Immunocytochemical Study of Calcium Binding Protein in the Distal Nephron of Rat Kidney / 대한해부학회지

Calbindin-D28k, a vitamin D-dependent calcium binding protein, plays a cardinal role in transport of calcium in kidney. Previous studies have demonstrated calbindin-D28k immunoreactivity in the distal nephron of mammalian kidney. However, it is well known that in most species including rat and human, there is a gradual transition from the distal convoluted tubule to the cortical collecting duct, and that the connecting segment do no tclearly demarcated, because of intermingling of distal convoluted tubule cells, connecting tubule cells, principal cells and at least two configurations of intercalated cells. In this study, to identify the cell types of calbindin-D28k-positive cells in distal nephron of rat kidney, we used double immunostaining with an antibody against calbindin-D28k and antibodies against thiazide sensitive Na+/Cl- cotransporter for distal convoluted tubule or H+-ATPase for intercalated cells. In the distal convoluted tubule, most of the distal convoluted tuble cells were calbindin-D28k-positive, whereas the intercalated cells were calbindin-D28k-negative. In the connecting tubule, 68% of the cells were calbindin-D28k-positive, and about 97% of the positive cells were connecting tubule cells and only 3% of them were intercalated cells.

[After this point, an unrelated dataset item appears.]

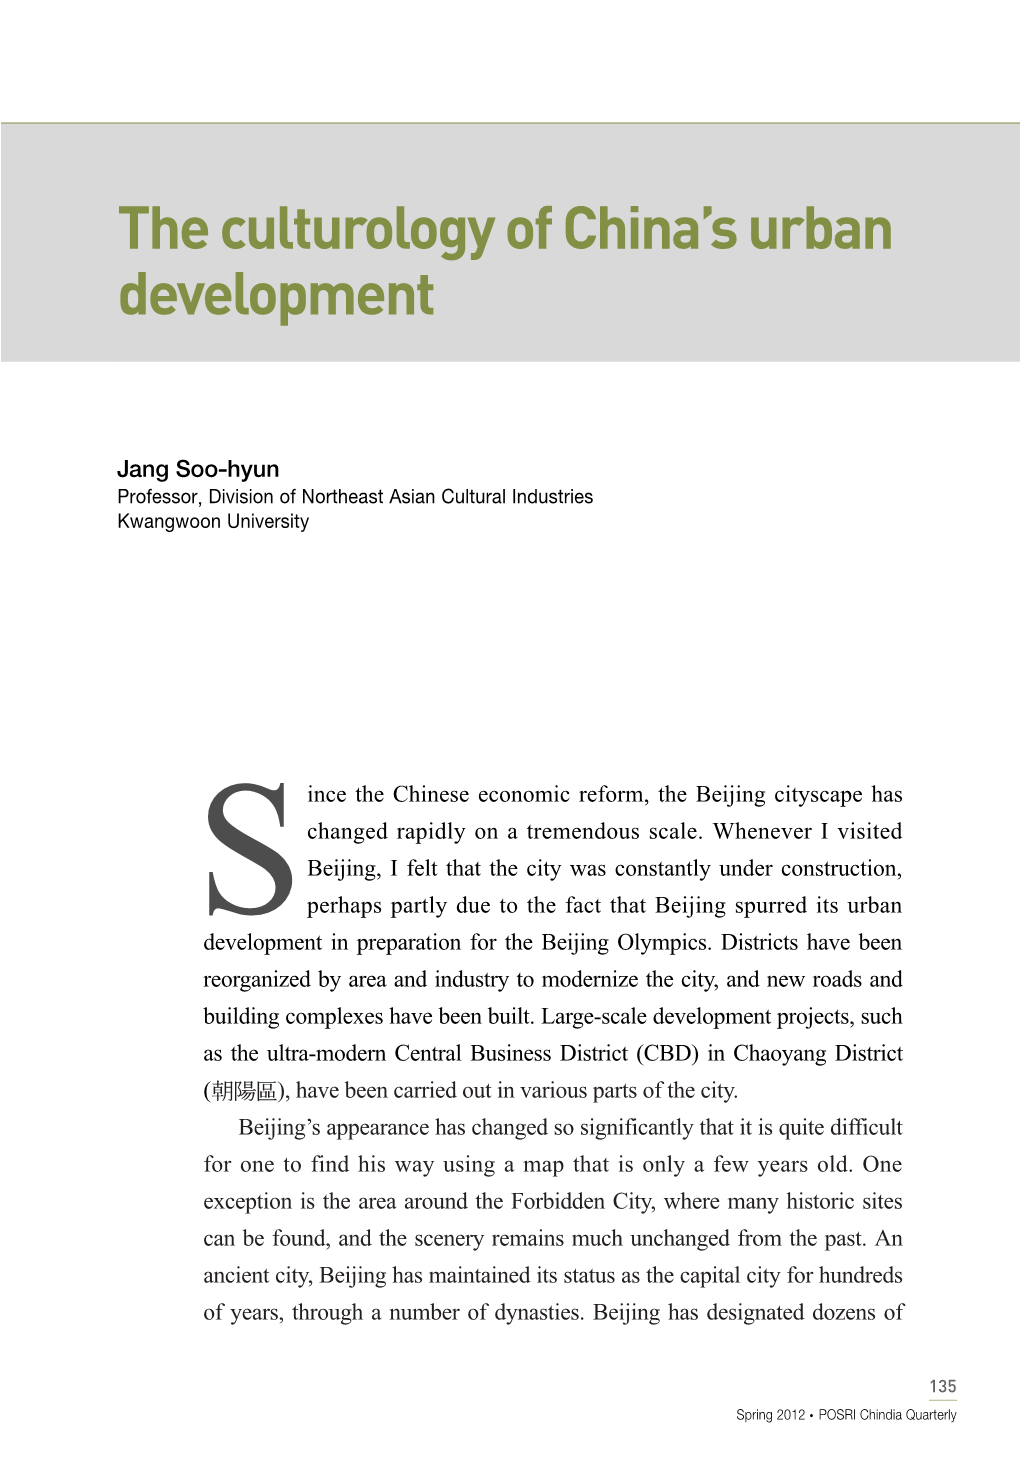 The Culturology of China's Urban Development

In the cortical collecting duct, and outer medullary collecting duct of outer stripe and inner stripe, only 8.6%, 11.8% and 4.4% of cells were weak positive for calbindin-D28k respectively. These weak positive cells in the collecting duct are mainly identified as intercalated cells. These findings indicate that calbindin-D28k is involved in not only transcellular transport of calcium but also processes regulating intracellular calcium in rat kidney.